The Letter, Issue 36, Spring 2006, Pages 113 - 125
OEDIPUS DUP(E)LICATED: (RE)PRODUCING CHILDREN IN
THE POSTMODERN WORLD OF HYPERREALITY
Ray O' Neill
The words induced me to turn towards myself. And what was I? Of my creation and creator I was absolutely ignorant; but I knew that I possessed no money, no friends, no kind of property. No
father had watched my infant days, no mother had blessed me with smiles and caresses; if they had, my past life was now a blot, a blind vacancy in which I distinguished nothing. I had never yet seen a being resembling me or who claimed any intercourse with me. What was I? The question again recurred, to be answered only with groans.[1]
The questions Frankenstein's creature in Mary Shelley's novel asks of its own being, its raison d'etre, are questions all humans must address or confront. Why am I? How am I? What am I? Who am I? Questions of existence and being lie not only at the heart of every philosophy, theology, religion, and psychology, but indeed all science, scientific quest, and
reason; "Of what a strange nature is knowledge!"[2]

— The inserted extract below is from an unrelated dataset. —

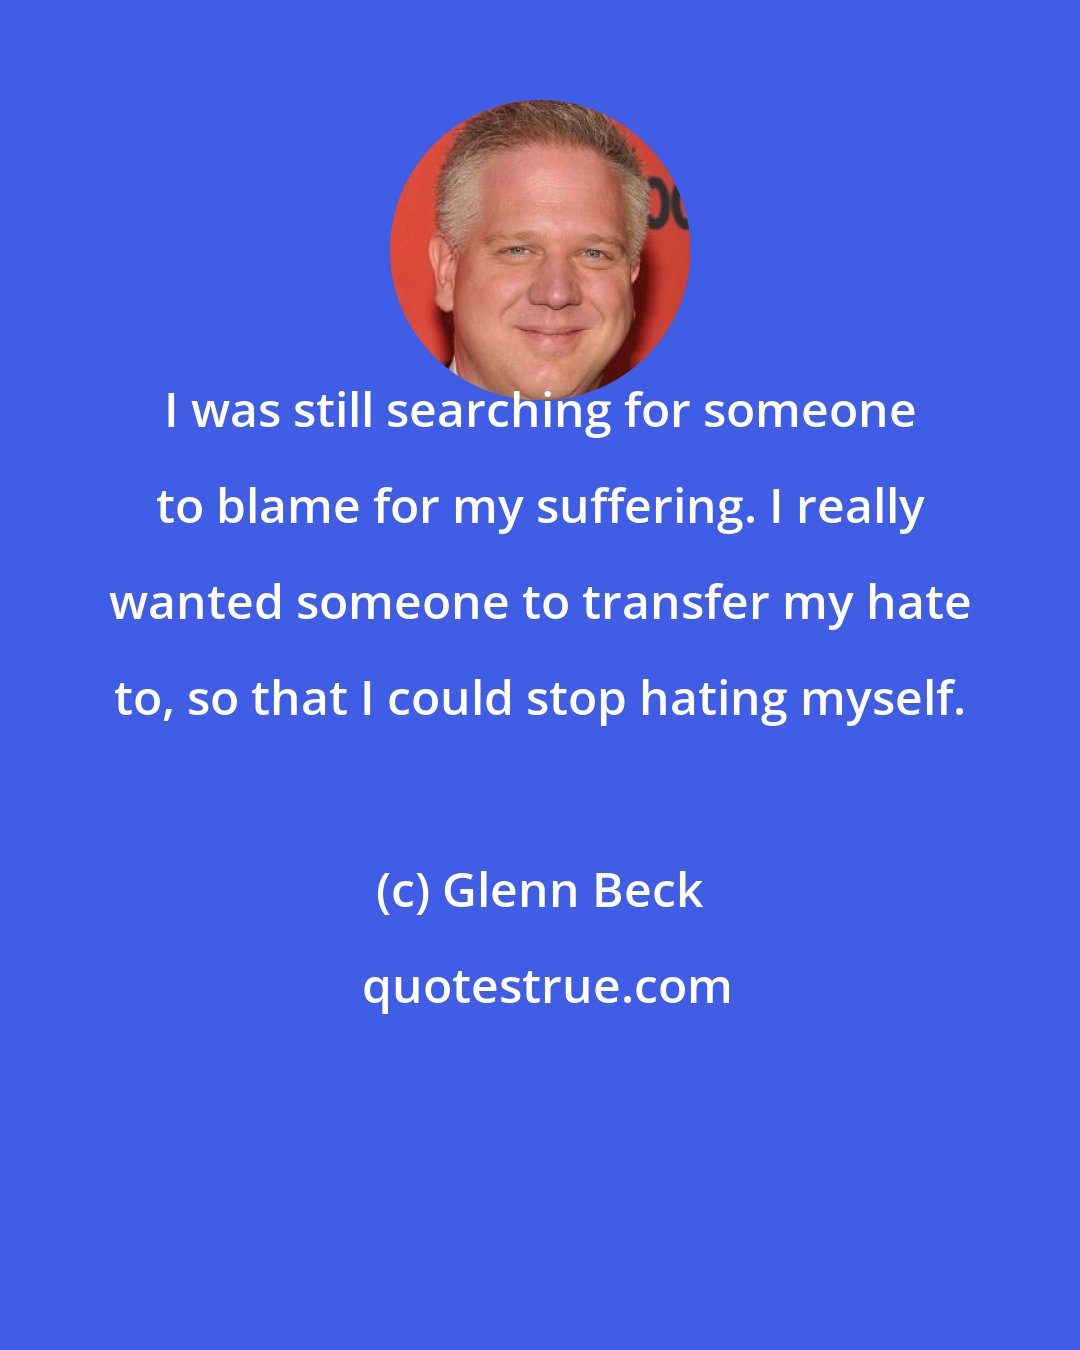 Glenn Beck: I was still searching for someone to blame for my suffering. I really wanted someone to transfer my hate to, so that I could stop hating myself.

From Descartes' "I think therefore I am"; to Lacan's contra- indication: "Where I think, there I am not"; to Gubar and Gilberts' feminist "The creative I am cannot be said if the "I" knows not what it is"- philosophers have proffered answers. But Frankenstein's creature's realisation 'Of my creation and creator I was absolutely ignorant; but I knew that I possessed no money,' that coinage is the first location of identity, being, or lack thereof is identified by Baudrillard in his own postmodern, hyperreal existentialism: "I consume, therefore I am."